▸ EXERCISE DETAILS:
After locating the line with "Logo Hyundai en blanco sobre fondo azul" below, output it and each following line exactly, stopping after the line with "ministrativo di Banca". No pictures.
╭─ RECORDS FOR THIS TASK
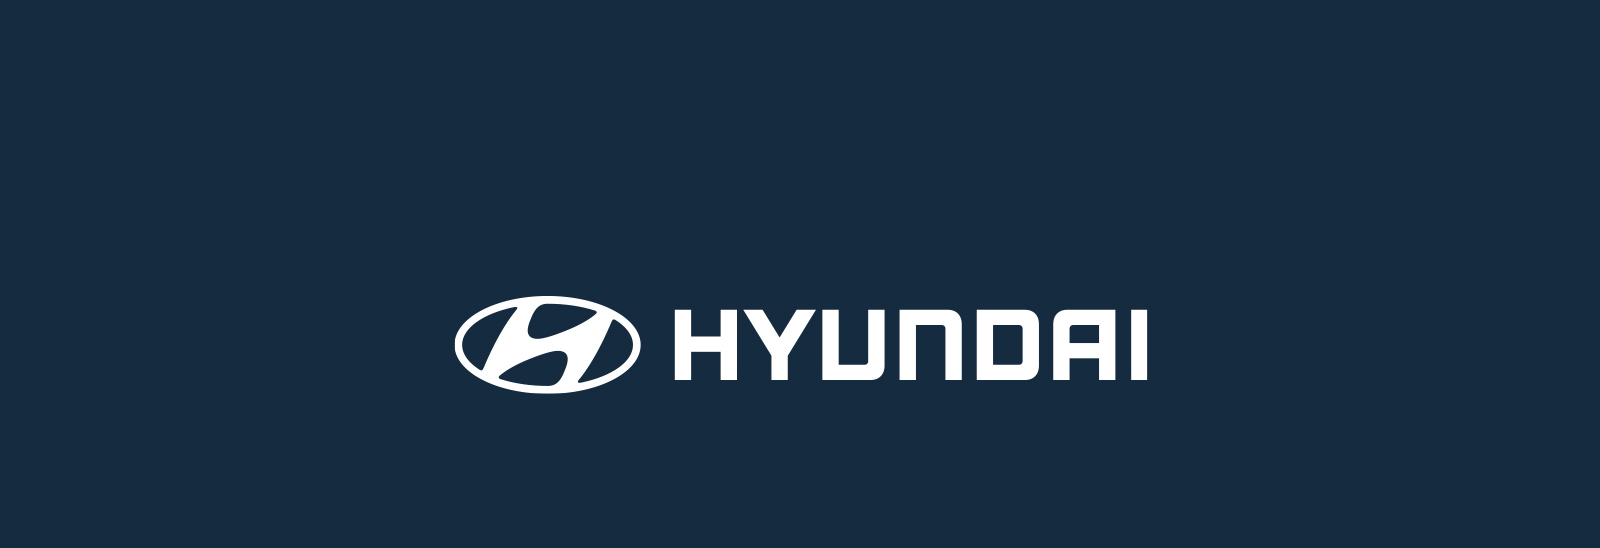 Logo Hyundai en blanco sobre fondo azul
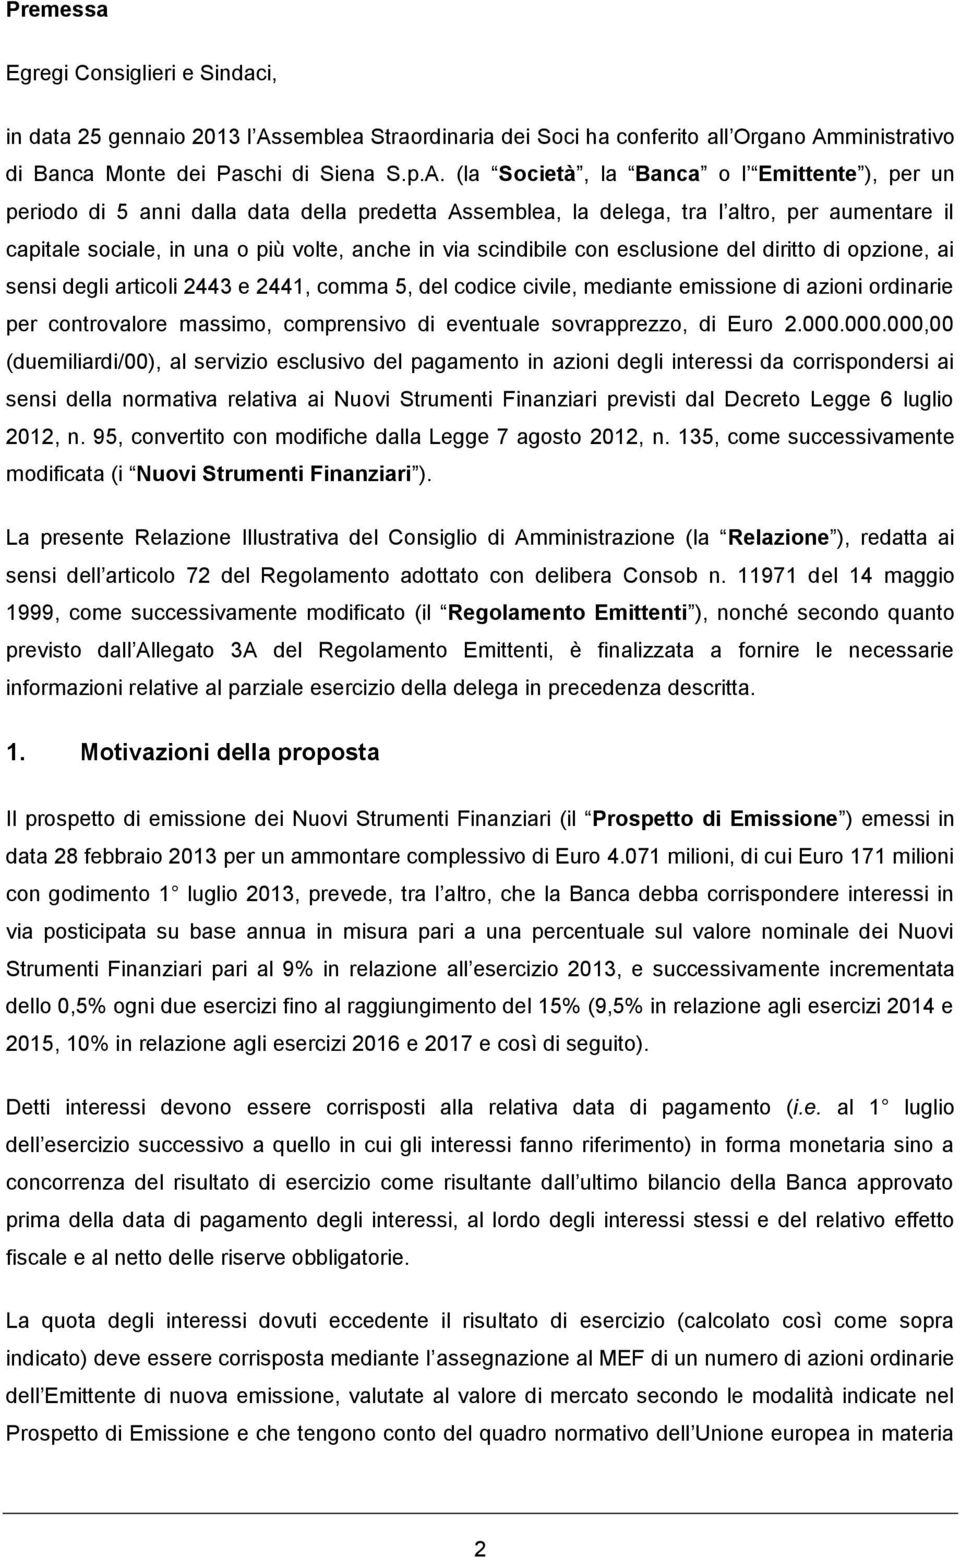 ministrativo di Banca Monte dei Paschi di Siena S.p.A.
╰─
╭─ RECORDS FOR THIS TASK
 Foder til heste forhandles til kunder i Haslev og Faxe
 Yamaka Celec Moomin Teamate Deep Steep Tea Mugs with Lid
╰─
▸ YOUR SOLUTION:
 Logo Hyundai en blanco sobre fondo azul
 ministrativo di Banca Monte dei Paschi di Siena S.p.A.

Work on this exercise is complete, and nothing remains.